In a discovery that sheds new light on the evolution of the solar system, NASA's OSIRIS-REx space probe has detected water on Bennu, the skyscraper-size asteroid that it nestled up to last week after a two-year voyage.
The discovery, made during the final leg of the probe's 1.2-billion-mile journey and announced on Monday by NASA, suggests that water was common in the early solar system. "That is important because we are still trying to understand how planets form and evolve over time," Amy Simon, a scientist at NASA's Goddard Space Flight Center in Greenbelt, Maryland, and a member of the OSIRIS-REx team, told NBC News MACH in an email.
The discovery adds support to the idea that comets and ancient asteroids like Bennu could have brought water and possibly organic molecules to Earth, according to Simon. "Those components together are needed building blocks for life," she said. "It all ties together with understanding Earth's early history."
A roughly diamond-shaped object about 1,600 feet in diameter, Bennu is thought to be too small ever to have contained liquid water. But pieces of water molecules known as hydroxyls were detected within the clay that makes up the boulder-strewn asteroid. The pieces indicate that liquid water was present on the much larger asteroid that Bennu is believed to have broken away from in the distant past.
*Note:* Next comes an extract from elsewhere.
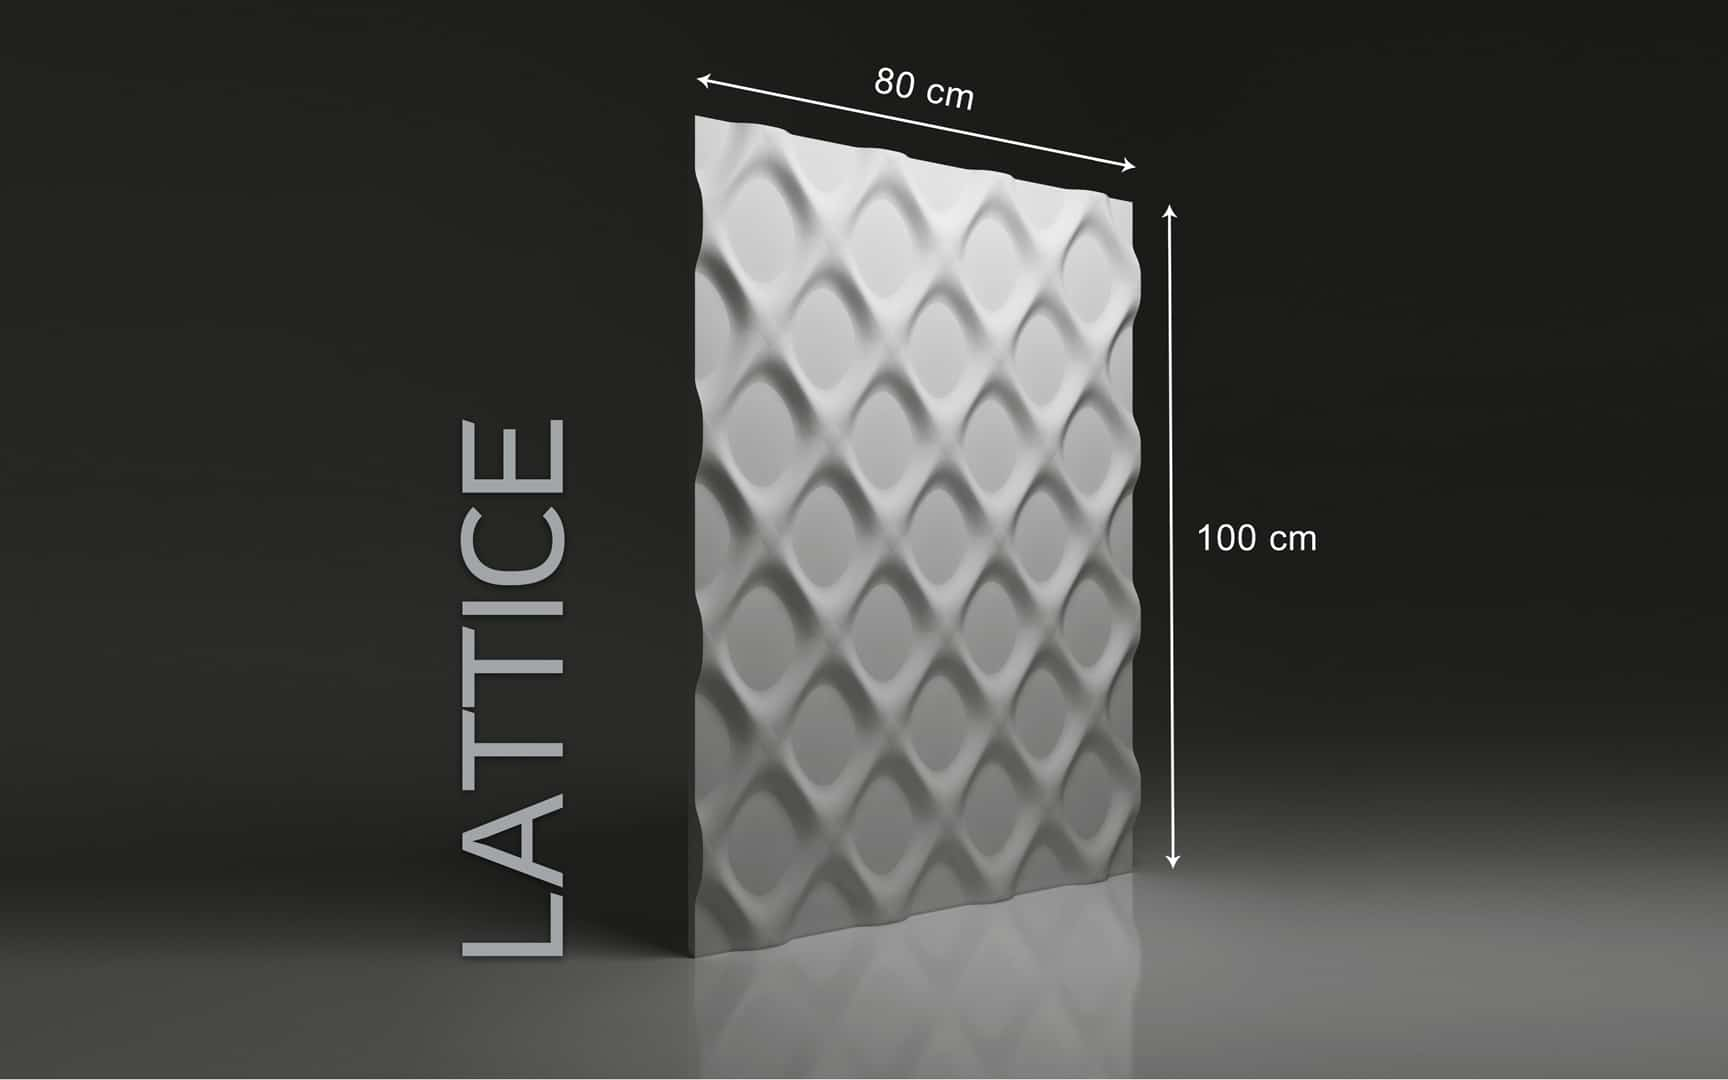 LATTICE DIMENSIONS : hauteur 100 x largeur 80 cm ÉPAISSEUR : de 1,5 cm à 3,0 cm  POIDS : environ 12 kg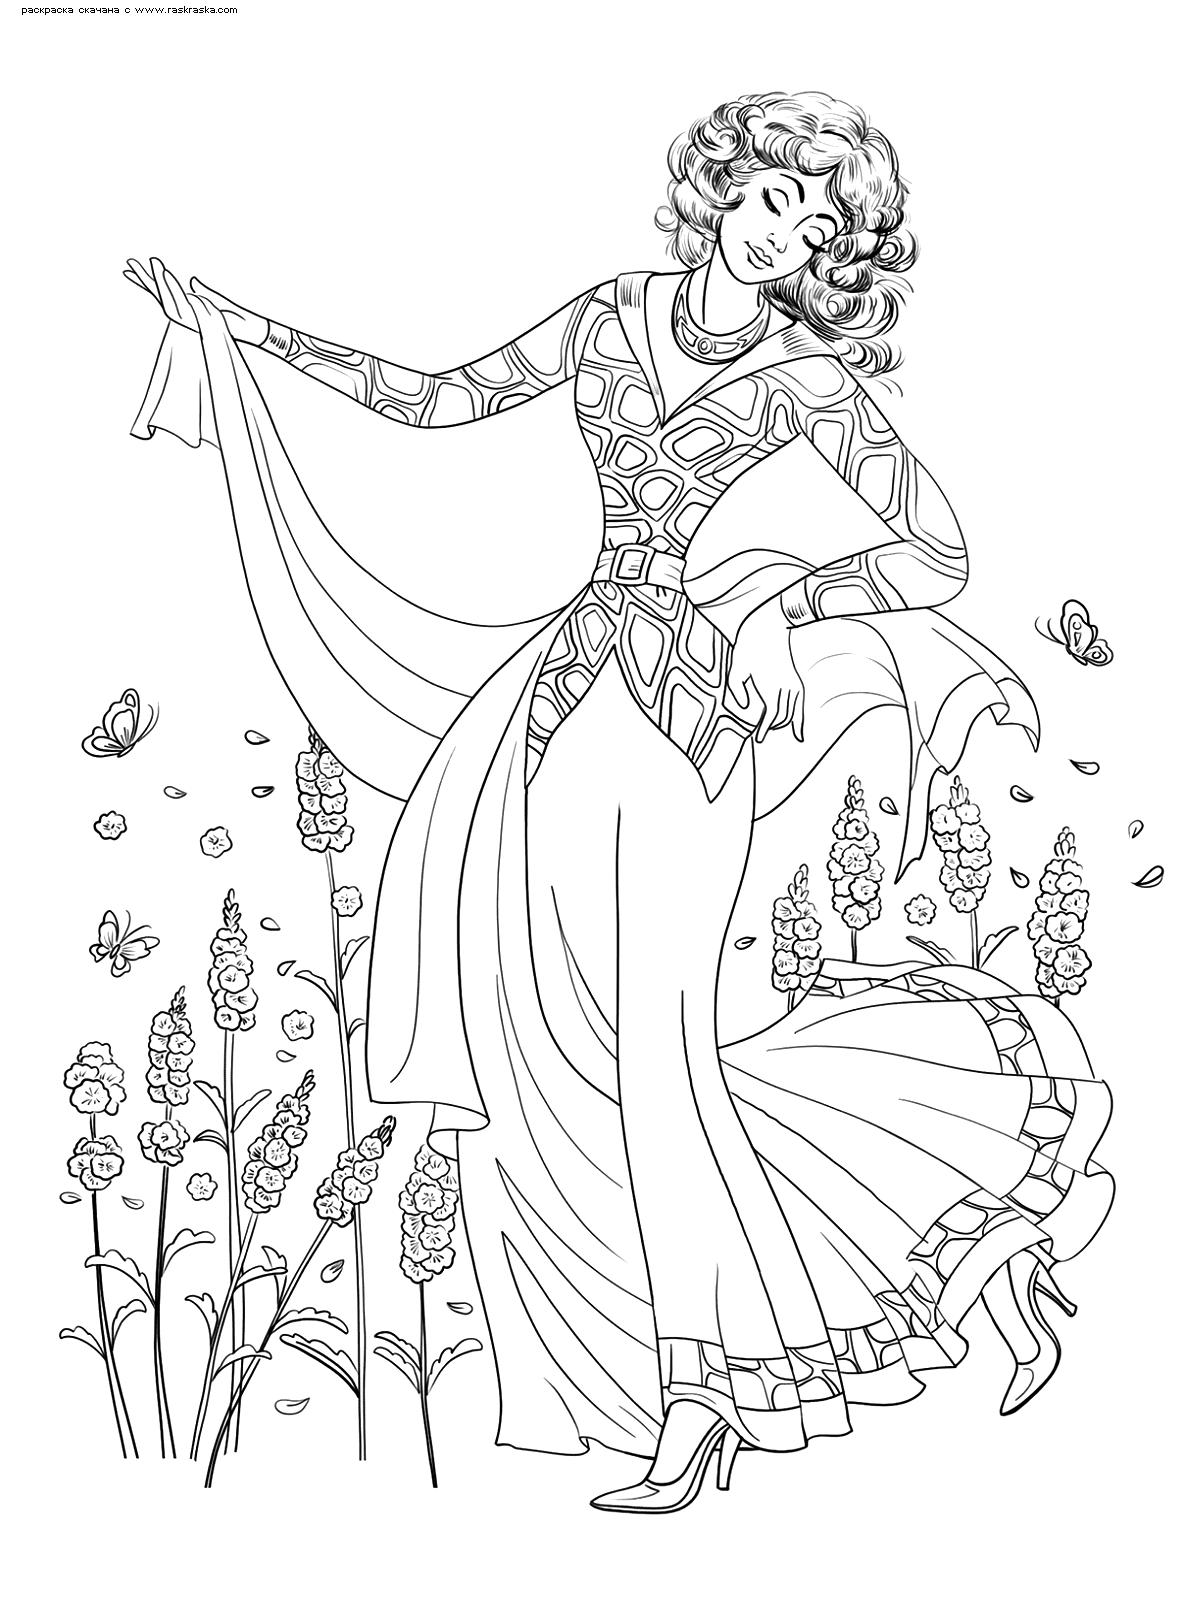 Раскраска Элегантная дама. Раскраска антистресс

The discovery was made by the probe's OSIRIS-REx Visible and Infrared Spectrometer (OVIRS) and the OSIRIS-REx Thermal Emission Spectrometer (OTES). The instruments are designed to identify chemical compounds on the basis of the wavelengths of light they reflect, and they showed the distinctive "signature" of the watery minerals on Bennu. "It is seen in every spectrum, telling us that these minerals are spread all over the surface," Simon said.
OSIRIS-REx — the $800-million mission's name is an acronym for "Origins, Spectral Interpretation, Resource Identification, Security - Regloith Explorer" — launched from Florida in 2016 and arrived at Bennu on Dec. 3.
Plans call for the spacecraft to spend about a year mapping the 1,600-foot-wide asteroid and then use its robotic arm to grab a tiny sample of its rocky soil (regolith) in 2020 and return it to Earth for study in 2023.
The space probe is now about 9 miles from the surface of Bennu, which itself is now about 73 million miles from Earth.
Bennu is classified as a "potentially hazardous" asteroid because there's a one-in-2,700-chance that it will collide with Earth in the 22nd century.